STORED DATA:
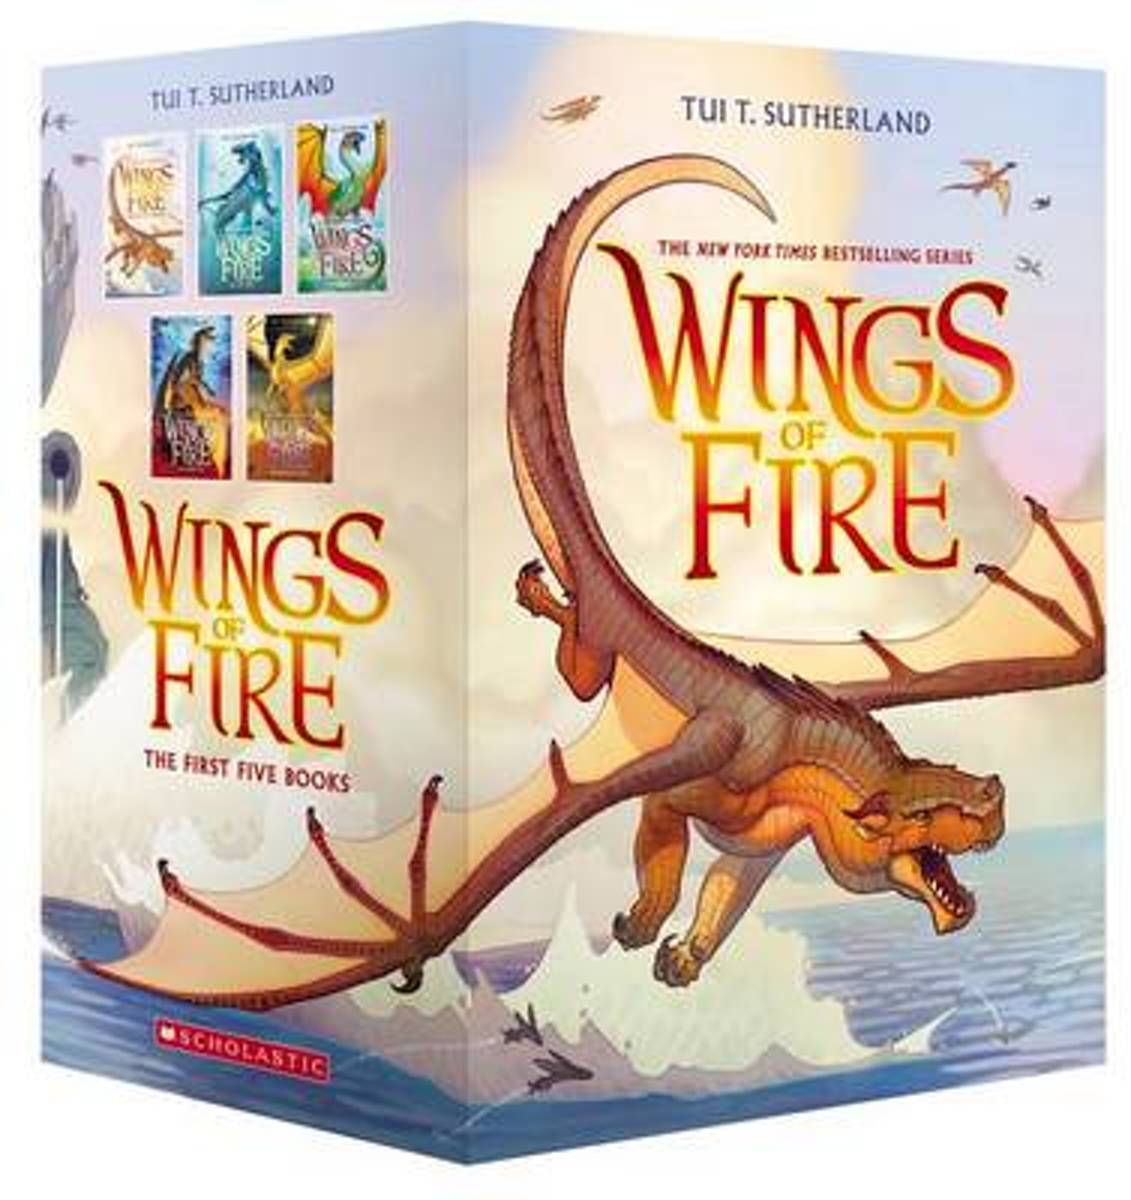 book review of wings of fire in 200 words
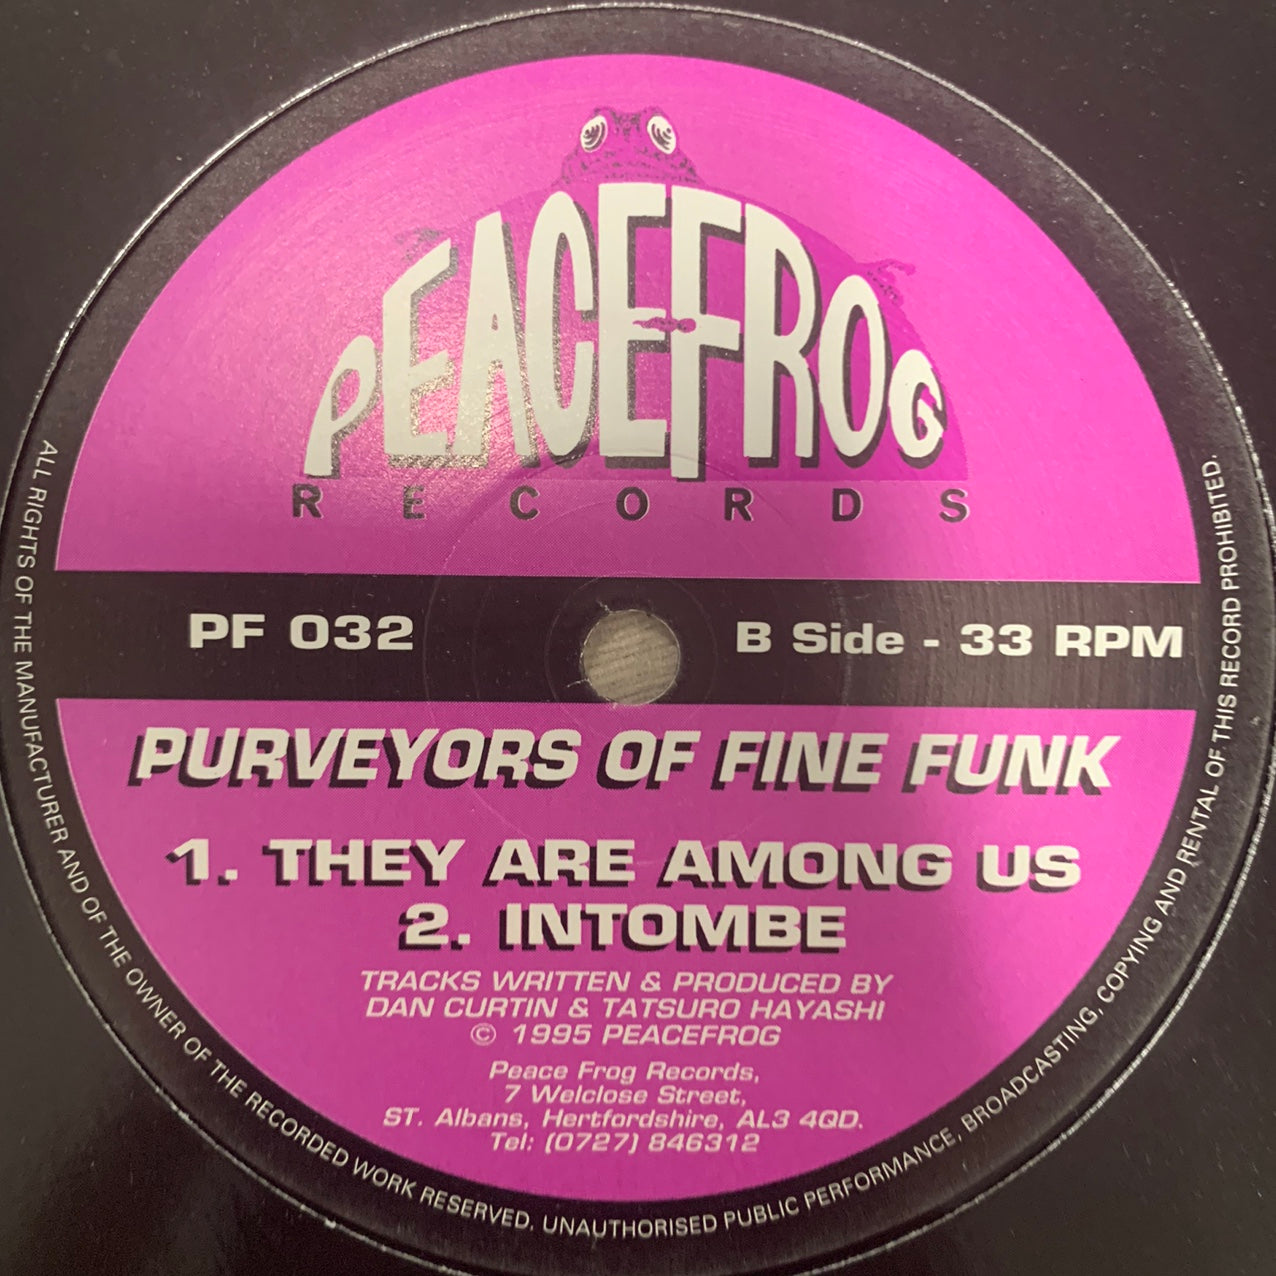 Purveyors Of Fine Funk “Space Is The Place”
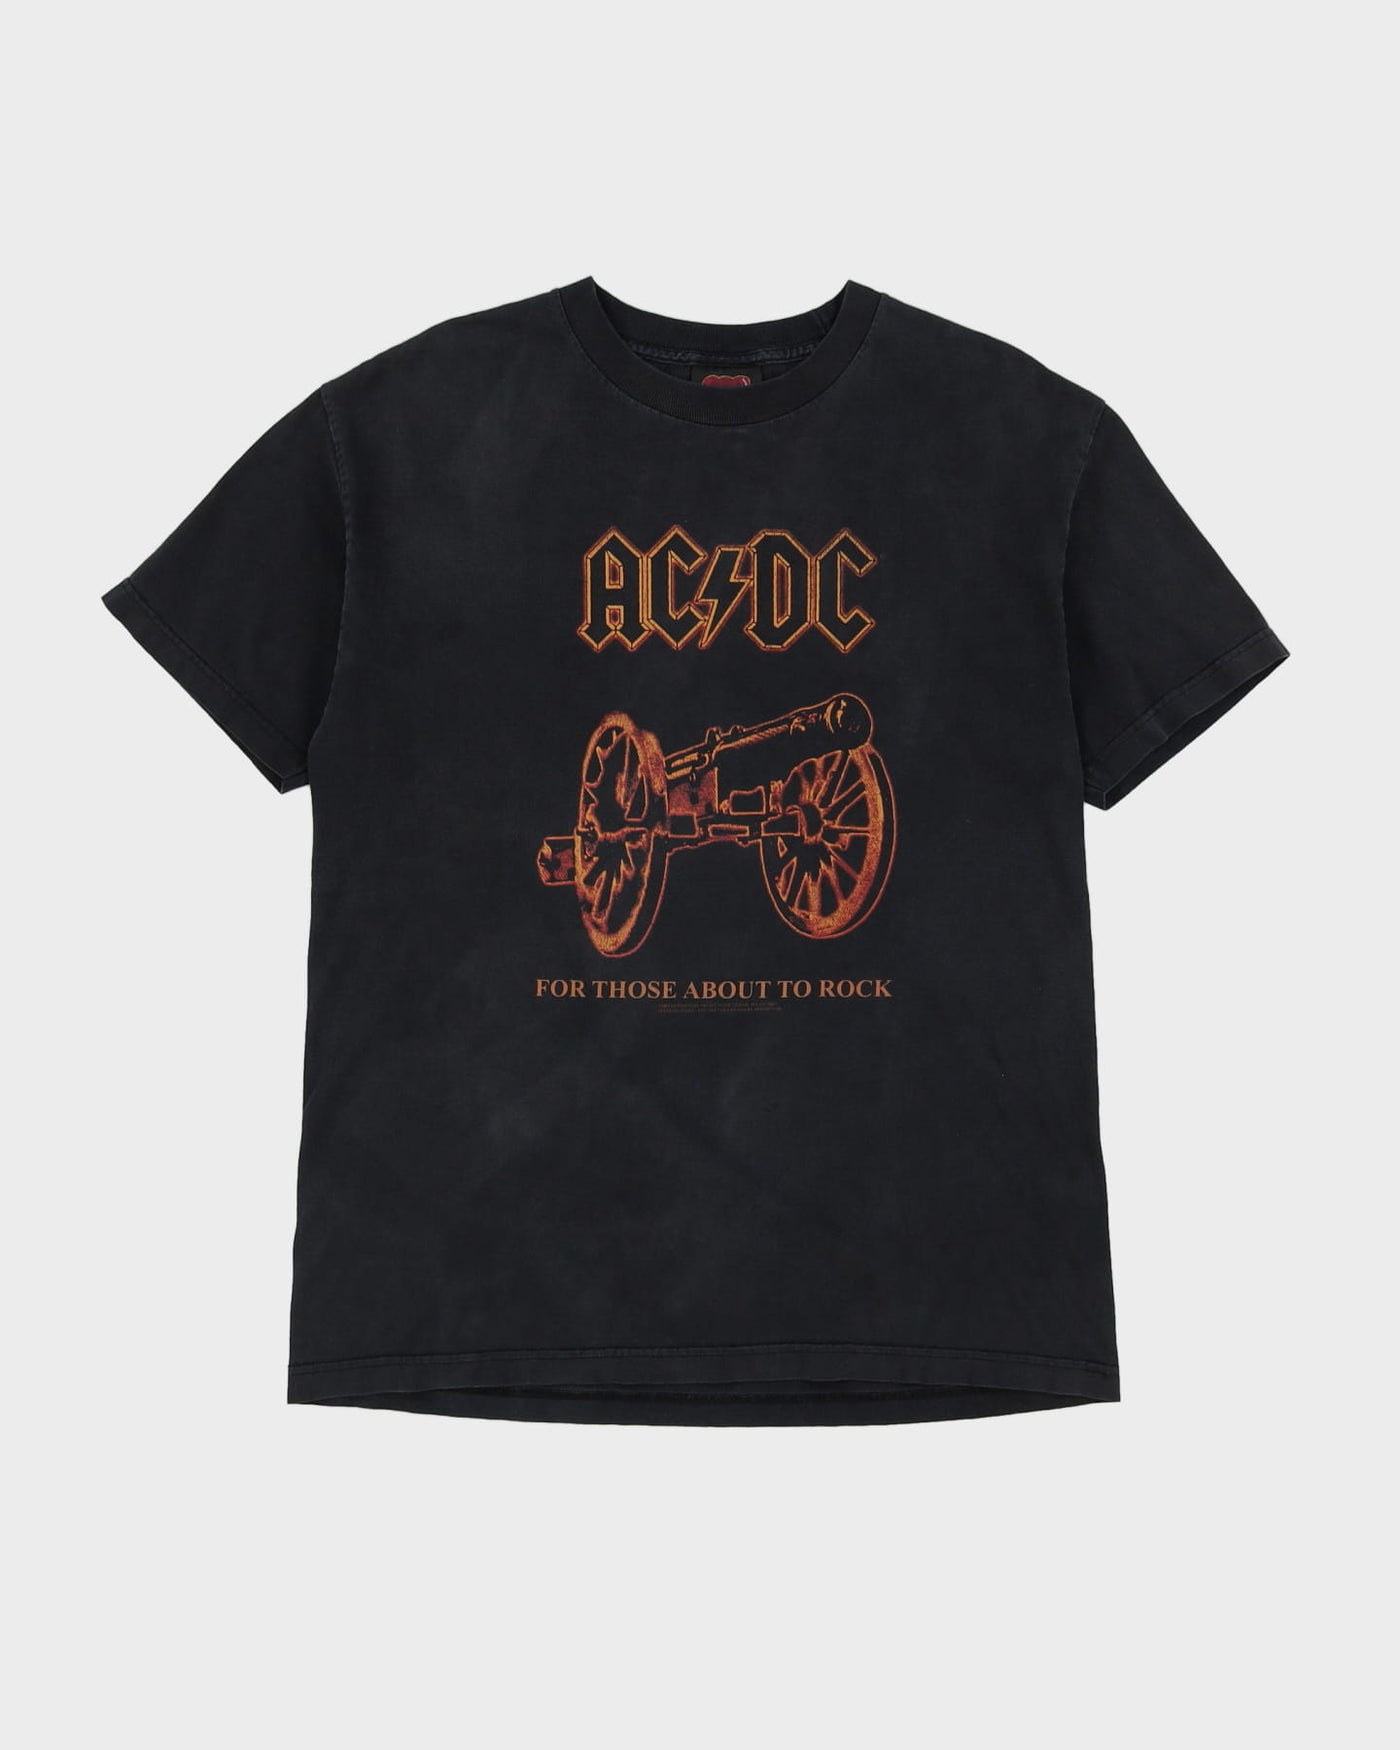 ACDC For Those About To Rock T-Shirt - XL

WHAT TO WORK ON: Restate word for word the lines starting at the one that contains "Purveyors Of Fine" and ending at the last line of the data. Skip every picture.

RESPONSE BOX:
 Purveyors Of Fine Funk “Space Is The Place”
 ACDC For Those About To Rock T-Shirt - XL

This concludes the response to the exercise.